Angi · Posted 01-26-2015 05:52 AM

Hello,

I am working with a long dataset consisting of data for school policy violation by students. In the long format, the dataset has more than 6000 cases and 20 variables. The variables of interest for this question are: id, incident_date, incident_number, incident_type, and violation type.

As shown in the hypothetical example below, a) a student can have multiple incident numbers and b) a student can have different types of violations that fall under the same incident type; and c) different students have different number of incidents and violations.

How do I reshape this long dataset into a wide dataset. I am trying to create an index variable but have not succeeded in doing so .

Thank you for your help.

--Angi

I need to reshape this long dataset into a wide dataset in the following manner:

Have:

id	incident_date	incident_number	incident_type	violation_type
1	15-Feb-09	94180	Drugs and Drug Paraphernalia	Violation of law
1	15-Feb-09	94180	Drugs and Drug Paraphernalia	Drugs and drug paraphernalia
2	27-Jul-09	91703	Alcohol	Alcohol
2	27-Jul-09	91703	Alcohol	Disorderly conduct
2	27-Jul-09	91703	Alcohol	Reckless endangerment
2	27-Jul-09	91703	Alcohol	Violation of law
2	14-Sep-09	92335	Alcohol	Violation of law
2	14-Sep-09	92335	Alcohol	Alcohol
3	31-Oct-09	93071	Polysubstance	Disorderly conduct
3	31-Oct-09	93071	Polysubstance	Violation of law
3	16-Nov-09	93273	Theft or damage to property	Theft or damage to property
3	16-Nov-09	93273	Theft or damage to property	Violation of law
3	16-Nov-09	93273	Theft or damage to property	Alcohol
4	11-Jul-09	91697	Drugs and Drug Paraphernalia	Violation of law
4	11-Jul-09	91697	Drugs and Drug Paraphernalia	Drugs and drug paraphernalia
4	5-Dec-09	93443	Alcohol - Medical	Violation of law
4	5-Dec-09	93443	Alcohol - Medical	Alcohol
4	13-Mar-10	94360	Trespassing	Trespassing

Want:

id	incident_ date1_1	incident_ number1_1	incident_ type1_1	incident 1_1	incident_ date 1_2	incident_ number 1_2	incident_ type1_2	Incident1_2	Incident_date1_3
1	15-Feb-09	94180	Drugs and Drug Paraphernalia	Violation of law	15-Feb-09	94180	Drugs and Drug Paraphernalia	Drugs and drug paraphernalia
2	27-Jul-09	91703	Alcohol	Alcohol	27-Jul-09	91703	Alcohol	Disorderly conduct	27-Jul-09
3	31-Oct-09	93071	Polysubstance	Disorderly conduct	31-Oct-09	93071	Polysubstance	Violation of law

where,

incident1_1 would represent the 1st type of violation for 1st incident

incident1_2 would represent the 2nd type of violation for 1st incident

incident1_3 would represent the 3rd type of violation for 1st incident

incident2_1 would represent the 1st type of violation for 2nd incident

and so on..

Message was edited by: Angi Stha

Ksharp · Posted 01-27-2015 04:56 AM

Sorry.

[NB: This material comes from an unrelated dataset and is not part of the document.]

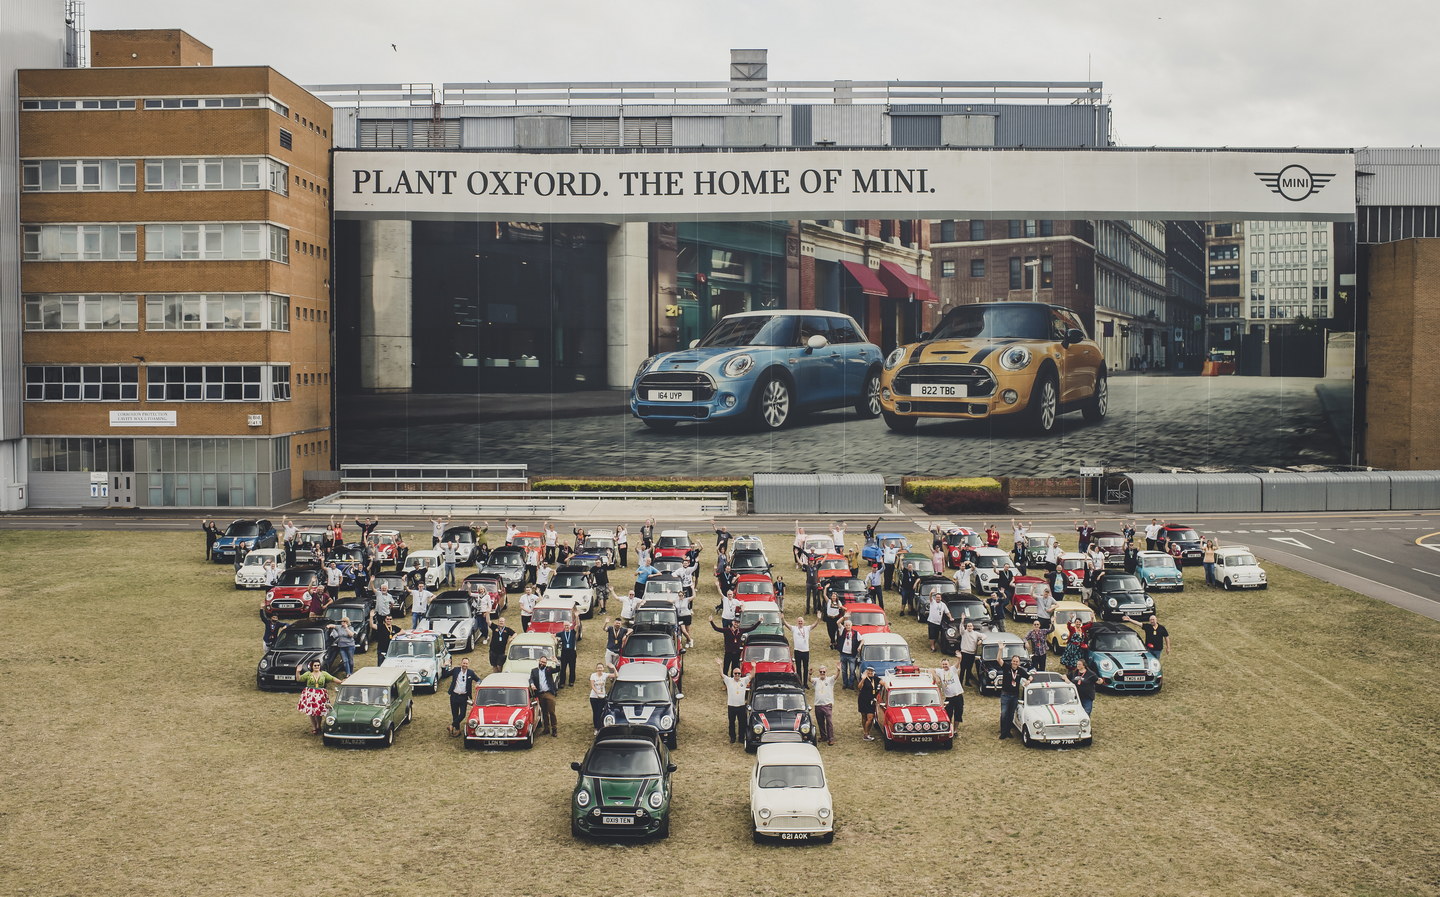 electric mini production could continue in oxford after £500m investment and £75m taxpayer contribution

My bad. Try this one :

data have;
input id incident_date : date11. incident_number incident_type & $40. violation_type & $40.     ;
format incident_date  date11.;
cards;
1 15-Feb-09 94180  Drugs and Drug Paraphernalia   Violation of law
1 15-Feb-09 94180  Drugs and Drug Paraphernalia   Drugs and drug paraphernalia
2 27-Jul-09 91703  Alcohol   Alcohol
2 27-Jul-09 91703  Alcohol   Disorderly conduct
2 27-Jul-09 91703  Alcohol   Reckless endangerment
2 27-Jul-09 91703  Alcohol   Violation of law
2 14-Sep-09 92335  Alcohol   Violation of law
2 14-Sep-09 92335  Alcohol   Alcohol
;
run;
data have;
 set have;
 by   id incident_date incident_number;
 if first.id then _id=0;
 _id+first.incident_number;
 if first.incident_number then n=0;
 n+1;
run;
proc sql ;
create table temp as
 select distinct _id,n from have;
quit;
data _null_;
 set temp end=last;
 if _n_ eq 1 then call execute('data want;merge ');
 call execute(catt('have(where=(n=',n,' and _id=',_id,') rename=(incident_date=incident_date',_id,'_',n,' incident_number=incident_number',_id,'_',n,' incident_type=incident_type',_id,'_',n,' violation_type=incident',_id,'_',n,'))'));
 if last then call execute(';by id;drop _id n;run;');
run;

Xia Keshan

View solution in original post

RW9 · Posted 01-26-2015 06:15 AM

Hi,

You can very simply add an id just by sorting the dataset, then in a datastep retain your_id variable, and us by:

data want;

set have;

retain your_id;

by id;

if first.id then your_id=1;

else your_id=your_id+1;

run;

This can then be proc transposed to get a wide dataset.

My question would be, why? Is there are reason you need a dataset with 6000 columns, how are you planning on working with this data. If you really have to have that kind of configuration, you will want to work with arrays, so you would probably be better off with a 2 dimensional array: array something{x,y} .... I.e. x would be your incidence count, y would be the violation count within that incidence:

Angi · Posted 01-26-2015 04:28 PM

Hello RW9, Thank you for your reply. I had tried the method you suggested but adding a regular id will not work. I have tried to clarify my question by including a want statement. The wide dataset will not have 6000 columns as the index variable is "violation_type". Any suggestions on how I can tackle this?

Thank you,

Angi

Ksharp · Posted 01-26-2015 08:02 AM

You only post the sample data , not the output you need yet .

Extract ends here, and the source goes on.